Getting Around the Douro Valley & Pinhao
Aside from the obvious boat trips up and down the Douro River, there are other ways to explore the area.
Hiring a car is the best way to get around the Douro Valley. It gives you the freedom to visit any of the regions wineries and lookout points. There are several themed routes, such as the olive oil route and the Cisterian route. You can follow these mapped routes or mix and match the highlights to suit yourselves. Then there’s the N222 between Pinhao and Regua, voted the World’s Best Drive in 2015!
If you’re staying at one of the quintas (wine estates) in the area, they’ll most likely have bikes for rent. They’ll be able to suggest suitable routes or include a bike tour as part of their package. Otherwise, you can easily find a tour company in Pinhao which caters to cyclists with or without their own bikes.
There are plenty of walking trails within the Douro Valley, many of which are planned and marked out by the local councils, others provided by the wine estates themselves. Ask at the local tourist information office for route leaflets.
Our Pinhao Guesthouse Recommendation
We booked a stunner of a guest house situated about 10 minutes by taxi up the mountain from Pinhao. We don’t always recommend our choice of accommodation but we cannot write this post without mentioning Casa do Visconde de Chanceleiros.
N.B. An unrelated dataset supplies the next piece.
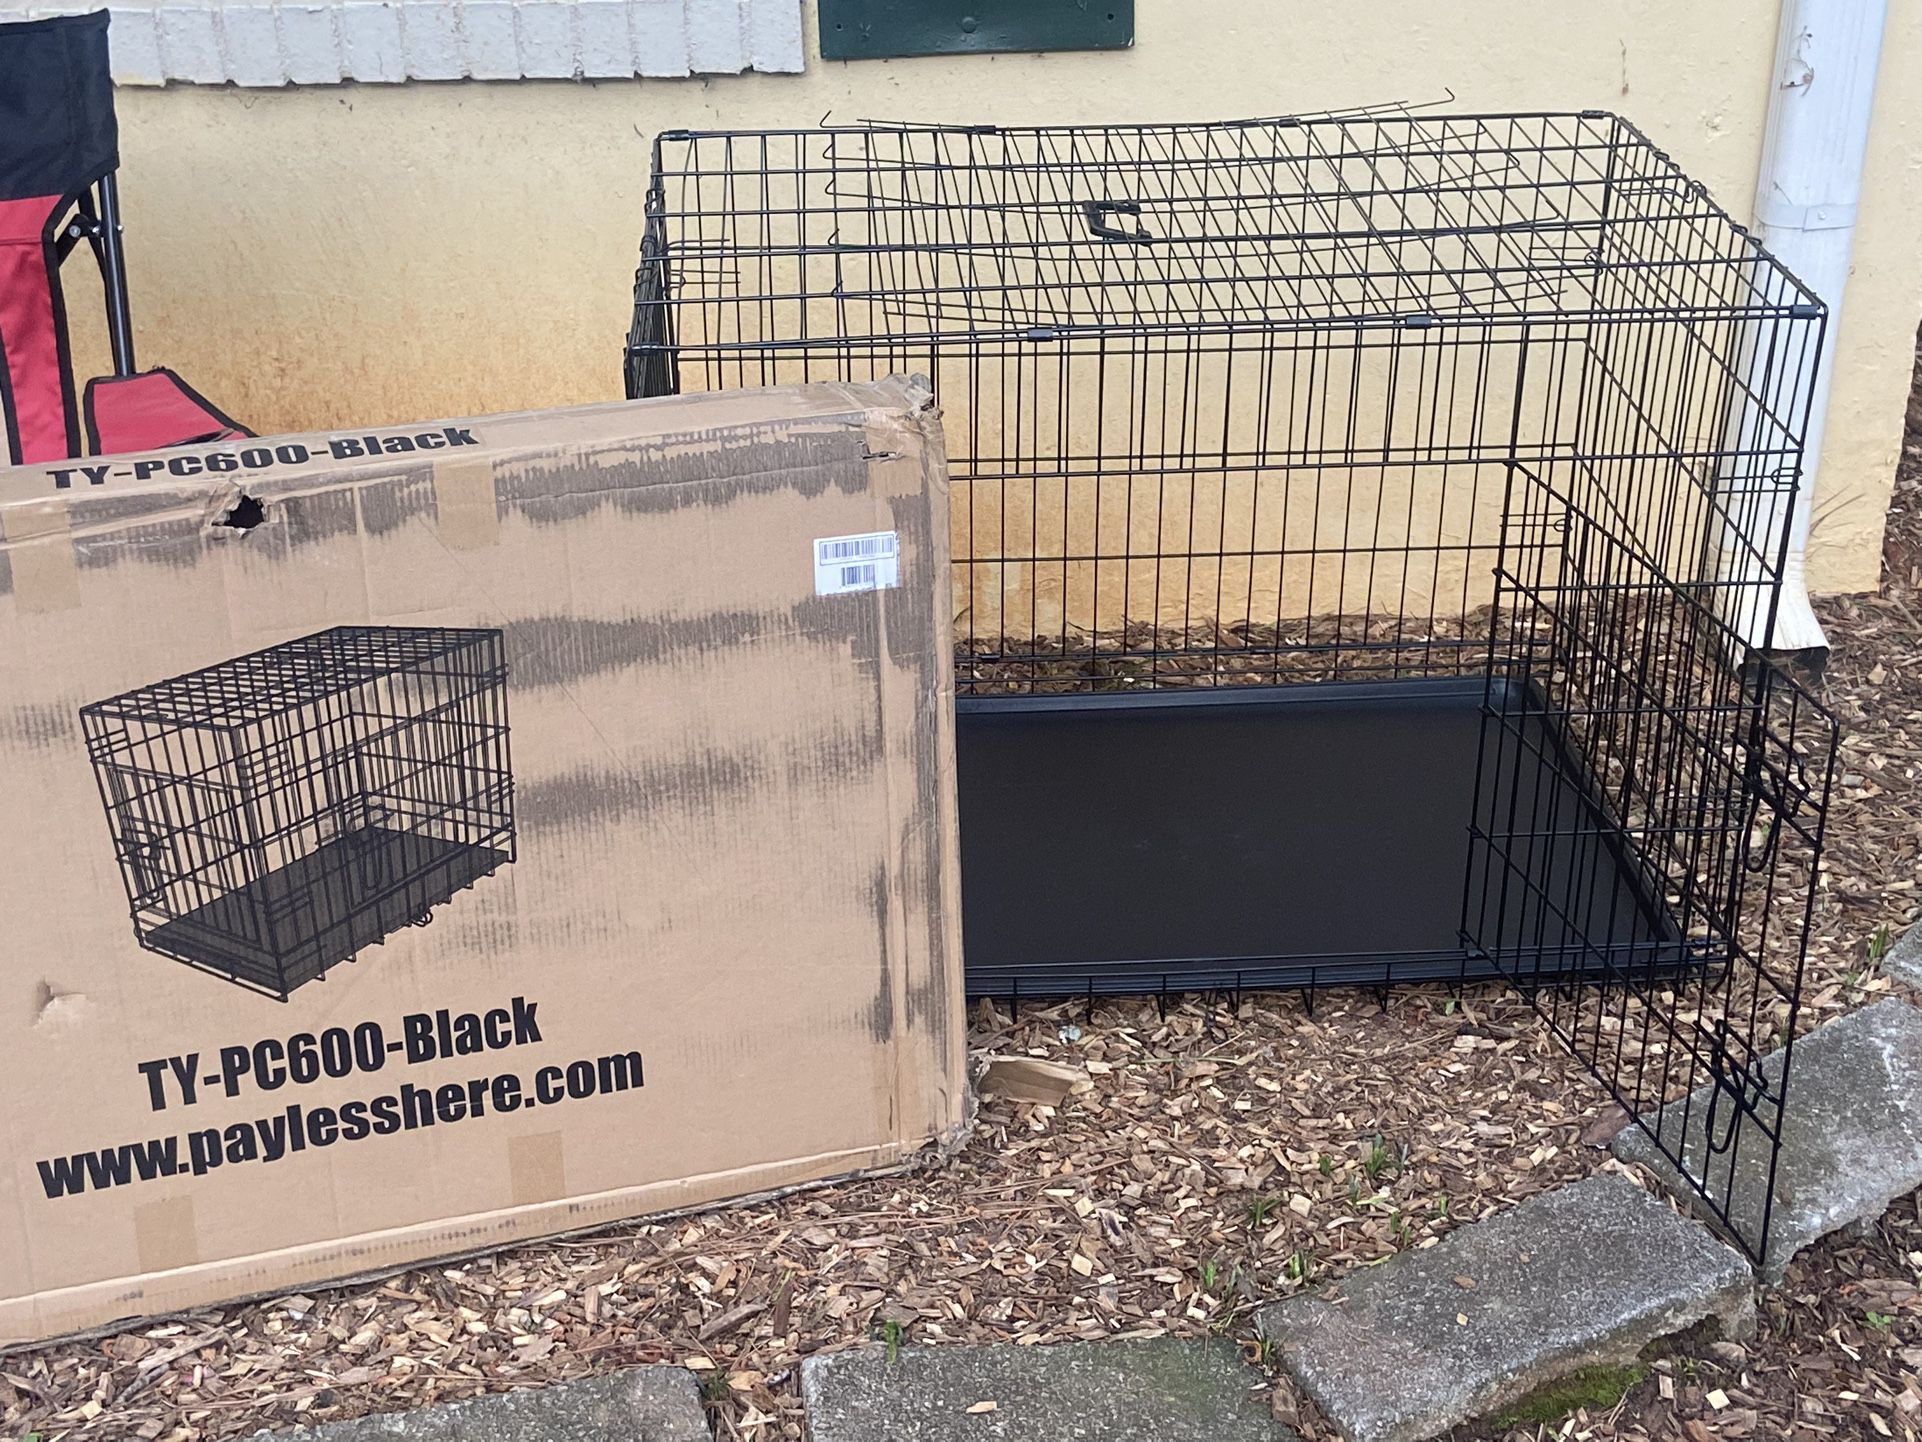 Medium cages For Dogs 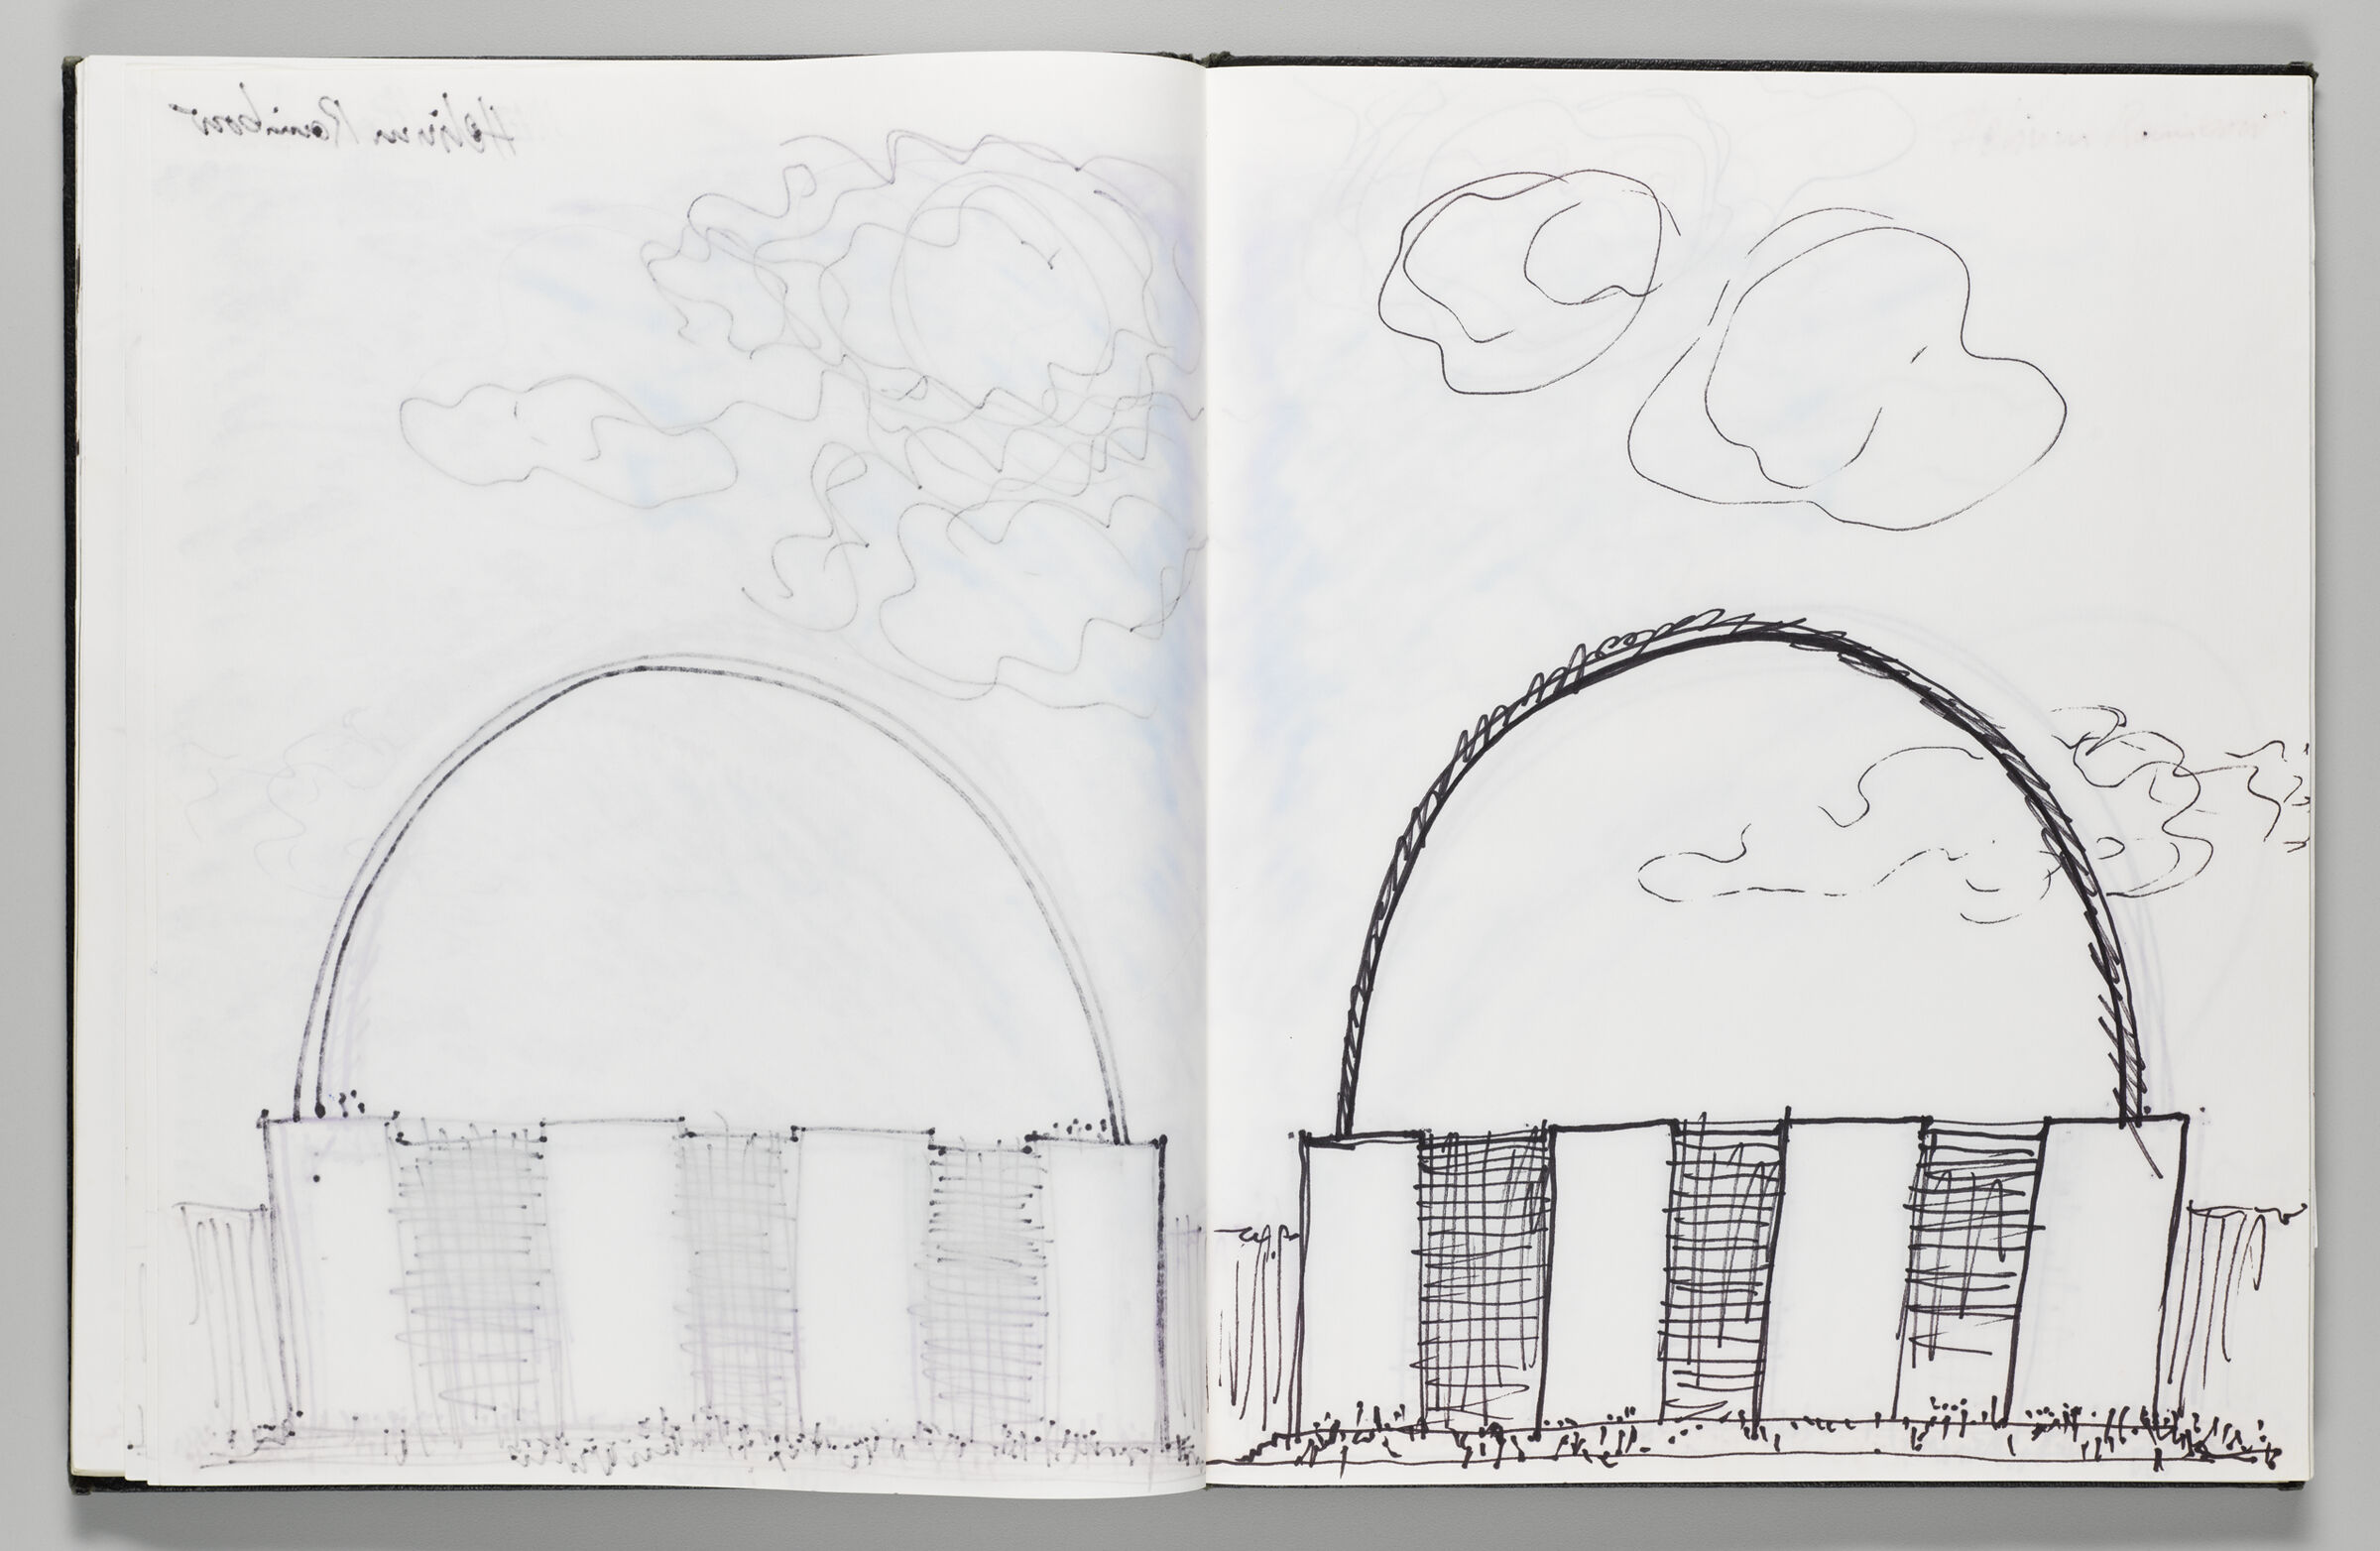 Untitled (Bleed-Through Of Previous Page And Color Transfer, Left Page); Untitled (Rainbow Inflatable, Right Page)

The stately Manor House perched on the mountain side is absolutely charming. The main house and other guest buildings offer some of the best vistas in the region. It’s worth paying extra for a room with a balcony view. We were very lucky to get a free room upgrade!
If you’re looking for pure relaxation then there is no need to leave this guesthouse
Casa do Visconde de Chanceleiros oozes calm and comfort with peaceful seating areas scattered all over the large landscaped garden. You can take your complimentary bottle of port wine to the pool or jacuzzi. Both of which overlook the never ending rolling mountains. There’s even a sauna inside a giant wine barrel!
The highlight for us was the amazing evening meals cooked in the main house open kitchen. Each night they serve a delicious three-course set meal with three accompanying ports and wines. All guests eat at the same time so it’s a great opportunity to talk with other travellers. If you still need even more wine or any other drinks for that matter, then you can help yourself to the unlimited self-serve bar. Everything you drink at the bar is managed by an honesty system tab which you pay for when checking out.
Casa do Visconde de Chanceleiros in Pinhao really did make our Douro Valley experience special. Together with the area’s fantastic port wine and astounding Douro River views, it has to be on everyone’s list of places to visit in Portugal.